And in Oosthuizen v Road Accident Fund[15] stated as follows with regards to s 173:
‘Jerold Taitz succinctly describes the inherent jurisdiction of the high court as follows in his book The Inherent Jurisdiction of the Supreme Court (1985) pp 8-9:
“. . .This latter jurisdiction should be seen as those (unwritten) powers, ancillary to its common law and statutory powers, without which the court would be unable to act in accordance with justice and good reason. The inherent powers of the court are quite separate and distinct from its common law and its statutory powers, eg in the exercise of its inherent jurisdiction the Court may regulate its own procedure independently of the Rules of Court.‟’
[24] This default position can be exercised to ensure convenience and fairness in legal proceedings, whenever the court considers it to be just and equitable in the circumstances. The high court does not have any rules that regulate the applications for hearing of evidence through video link conferences. It would be absurd that having found that this court has jurisdiction to deal with the matter but because the rules of this court do not provide for a mechanism to deal with this application, that it should be rejected. South Africa prides itself in the rights enshrined in the Constitution. One of those paramount rights being s 34 of the Constitution which provides that
‘Everyone has a right to have any dispute that can be resolved by the application of law decided in a fair public hearing before a court or, where appropriate, another independent and impartial forum.’
I find that the absence of such rules should not prevent this court from considering the application. The hearing with the aid of a video link conference will be a public hearing in a court of law, where all the parties will be appearing before a judge seized with the matter. I cannot see why such evidence cannot be admissible in any court of law.
[25] It is my view that the applicant has made out a case for the relief sought.

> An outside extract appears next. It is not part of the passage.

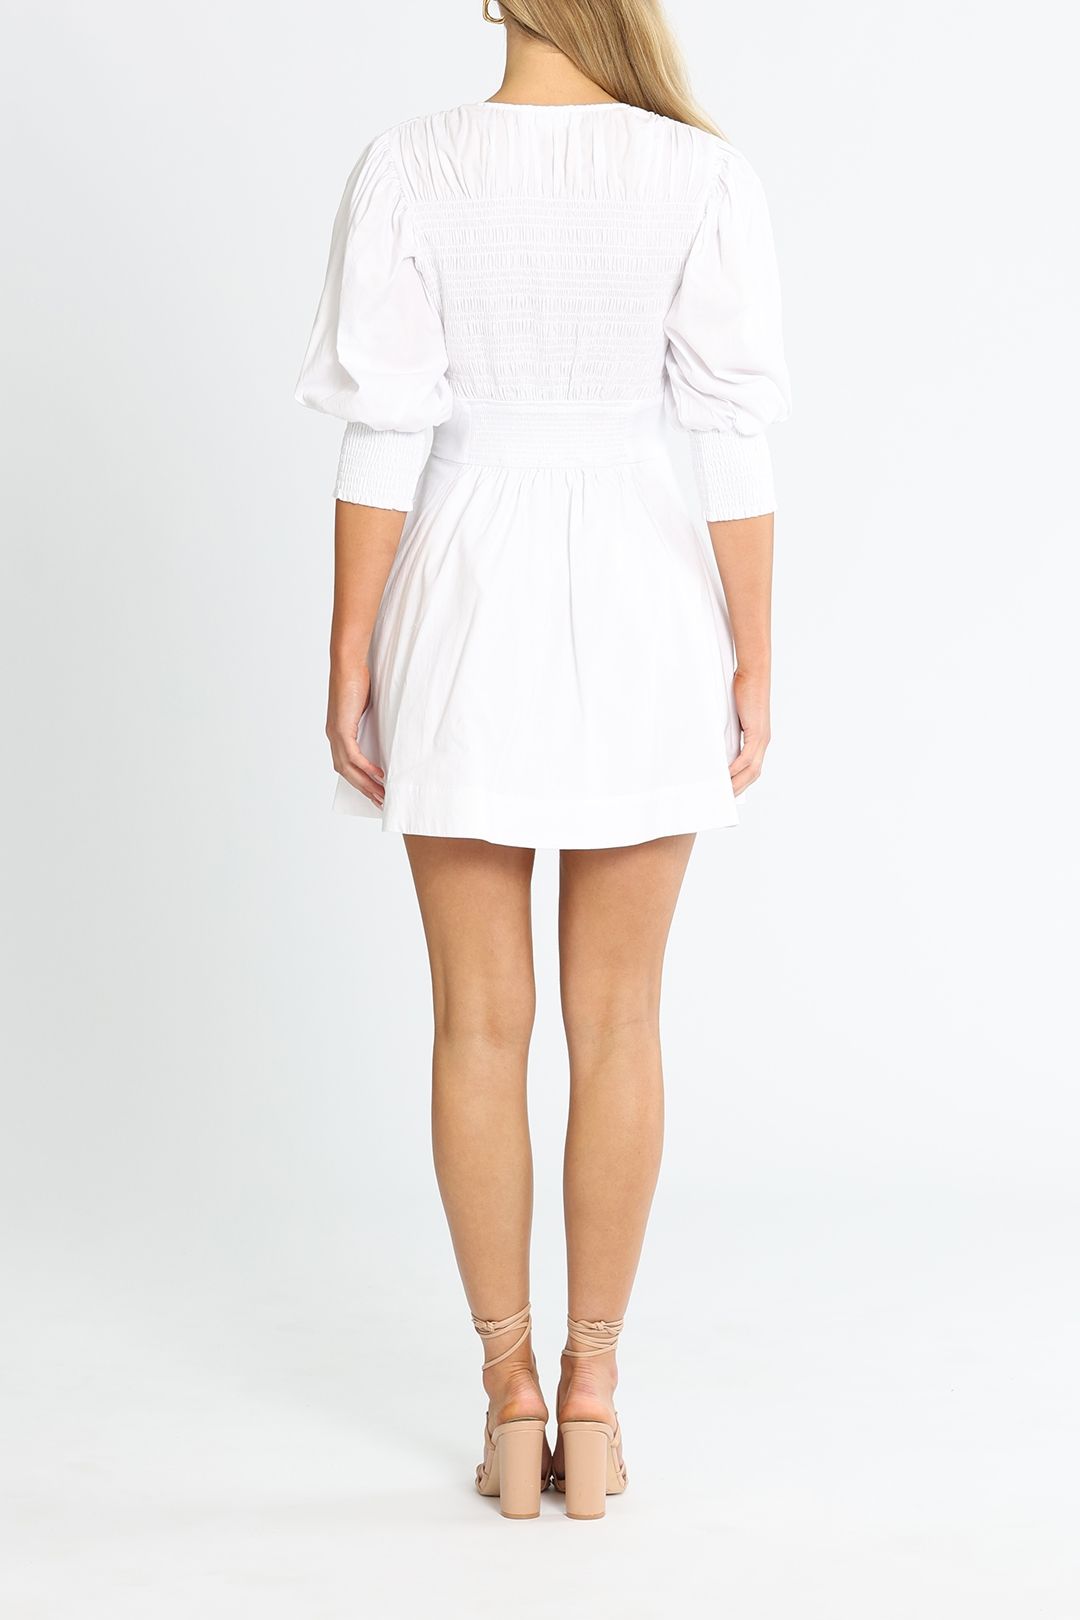 Belle and Bloom New Paradise Dress White Mini

The video link conference will also ensure access to the courts in terms of s 34 of the Constitution for the applicant and courts have a duty to ensure that people who have physical, financial, health and age barriers like the applicant have access to justice. The legal barriers created by the lack of rules, cannot override the right to access to justice. Video link conferencing extends and expands access to justice. Technology with the necessary safeguards enhances such a right enshrined in the Constitution.

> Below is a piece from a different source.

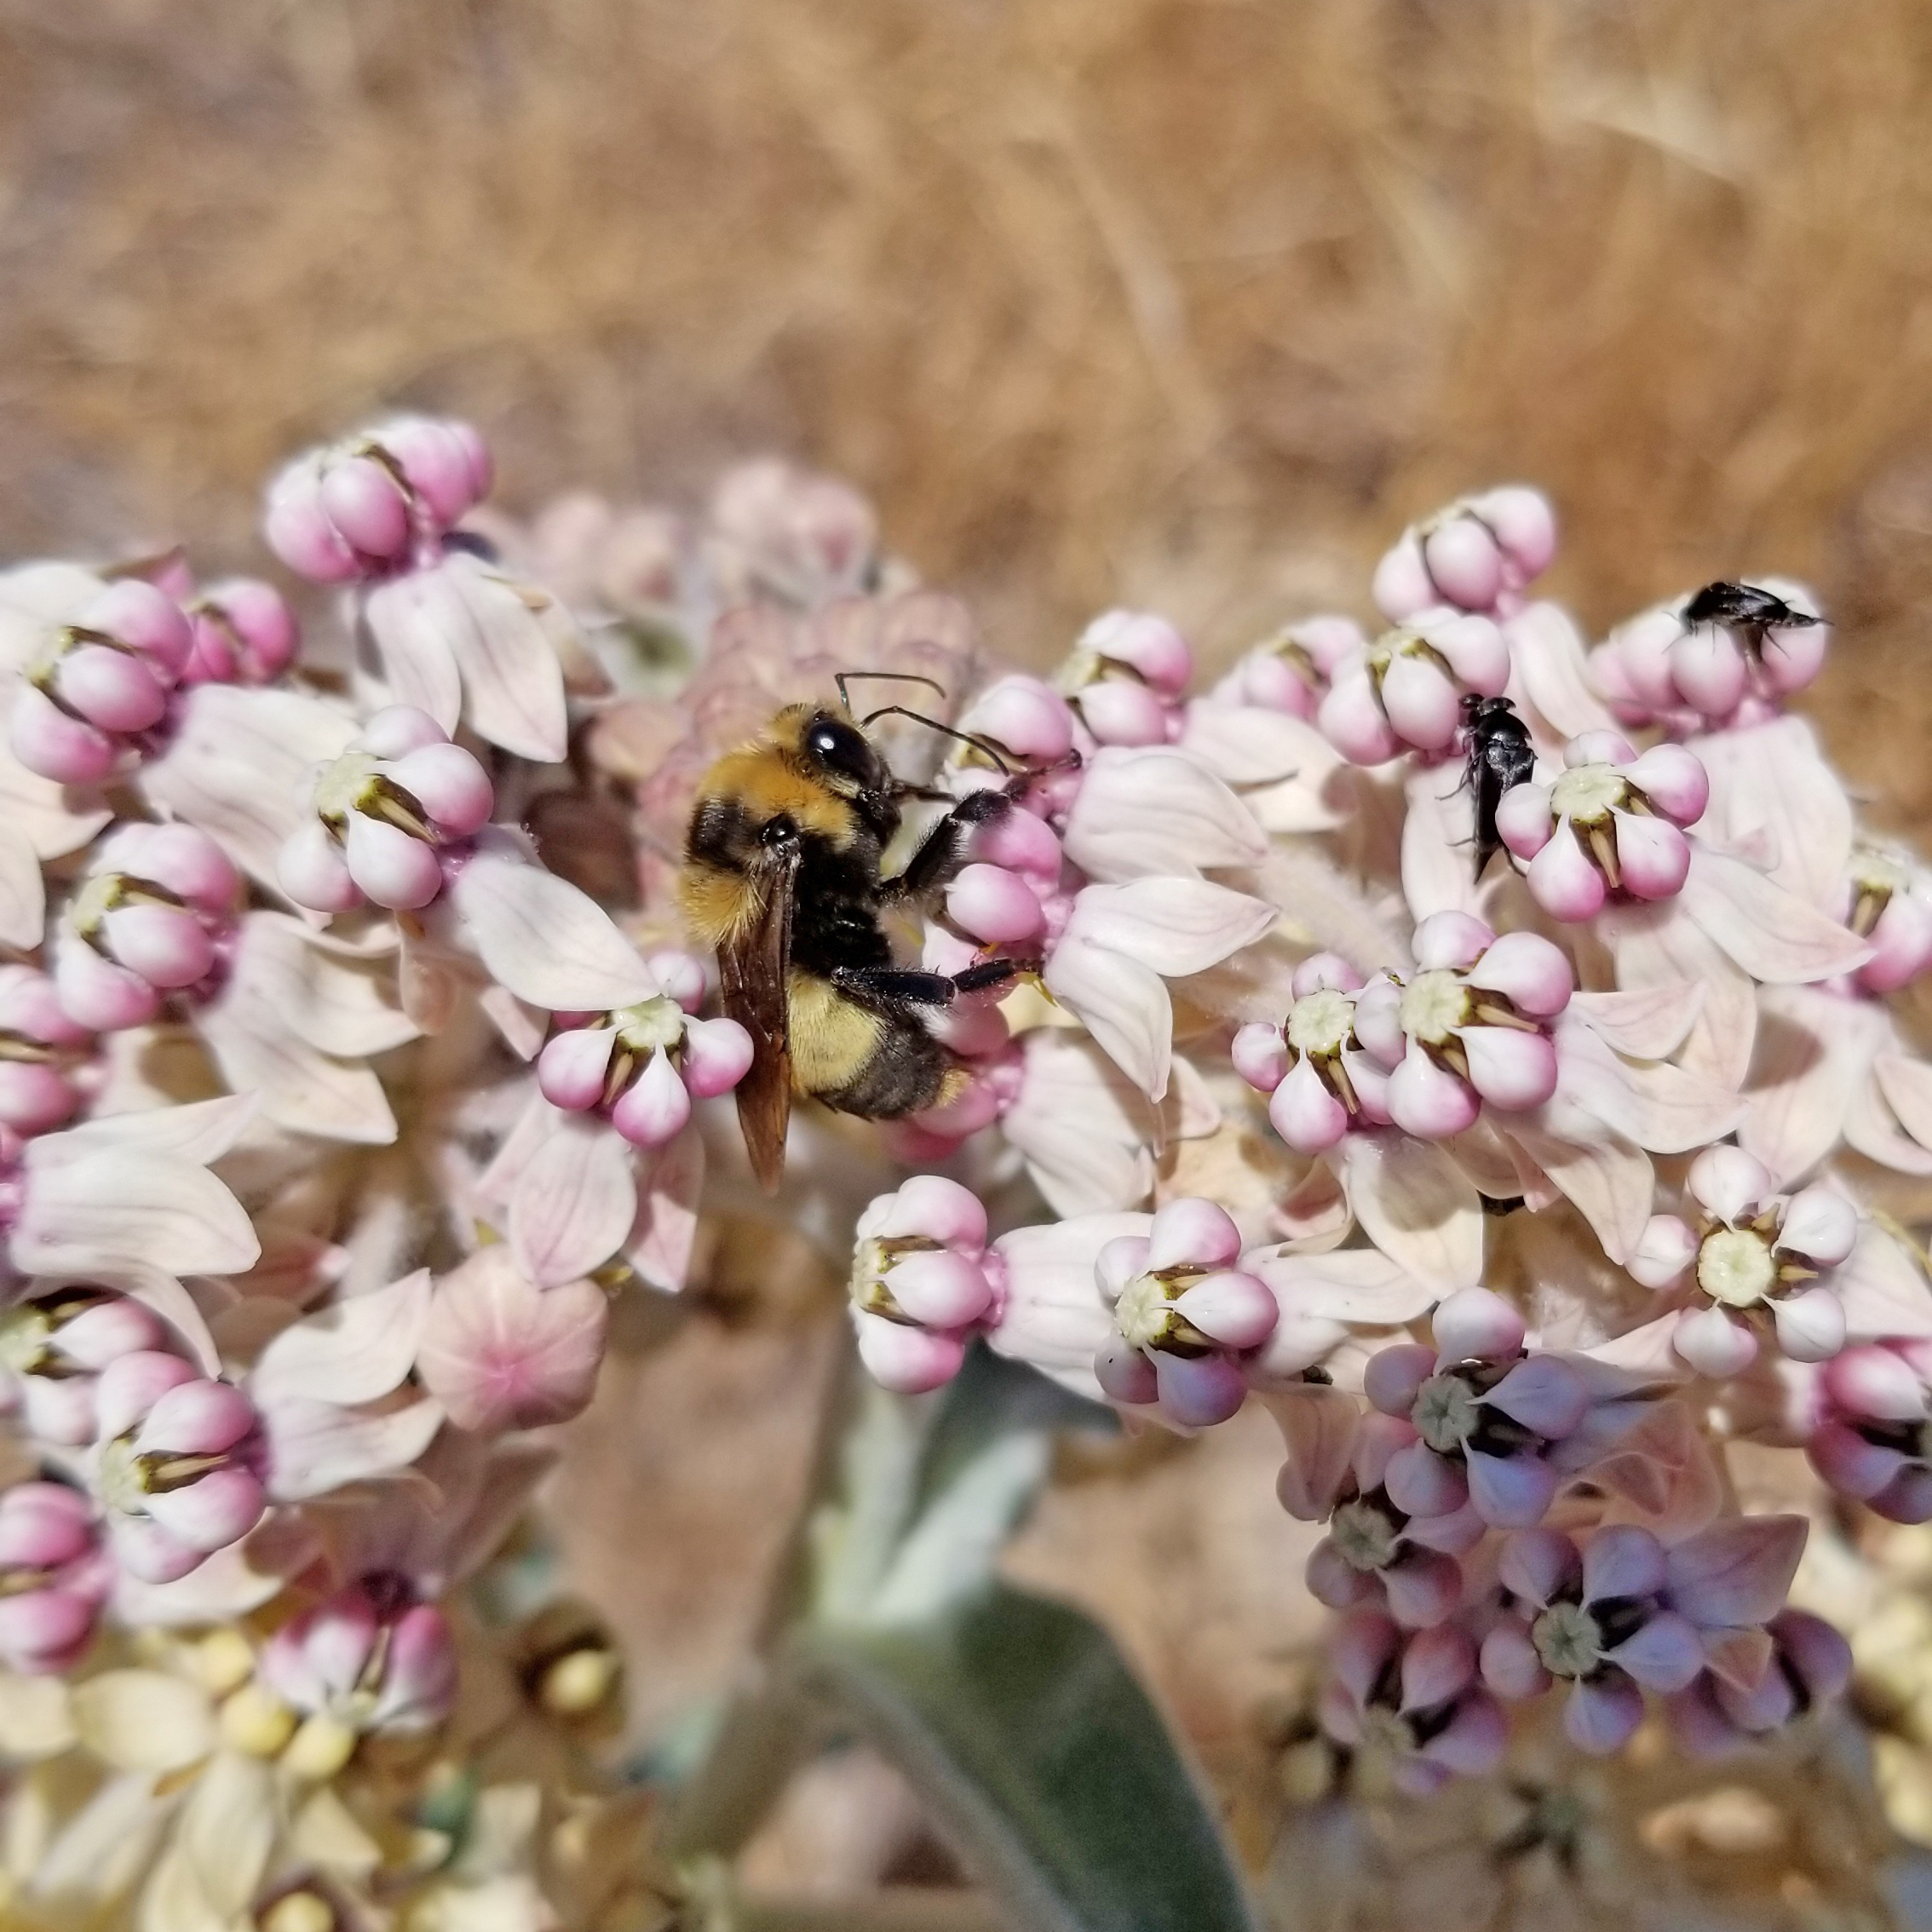 Crotch's bumble bee drinking nectar from milkweed flowers

[26] South African Criminal Courts have received evidence electronically when children give evidence through the closed circuit camera television system. This is done mostly where the victim is vulnerable or young in sexual offences cases. The applicant is no longer physically fit to travel at her age, suffers from serious ill-health and it will be very expensive for her to travel to South Africa. This is a cost effective measure, which is also convenient to all and can be used in civil proceedings.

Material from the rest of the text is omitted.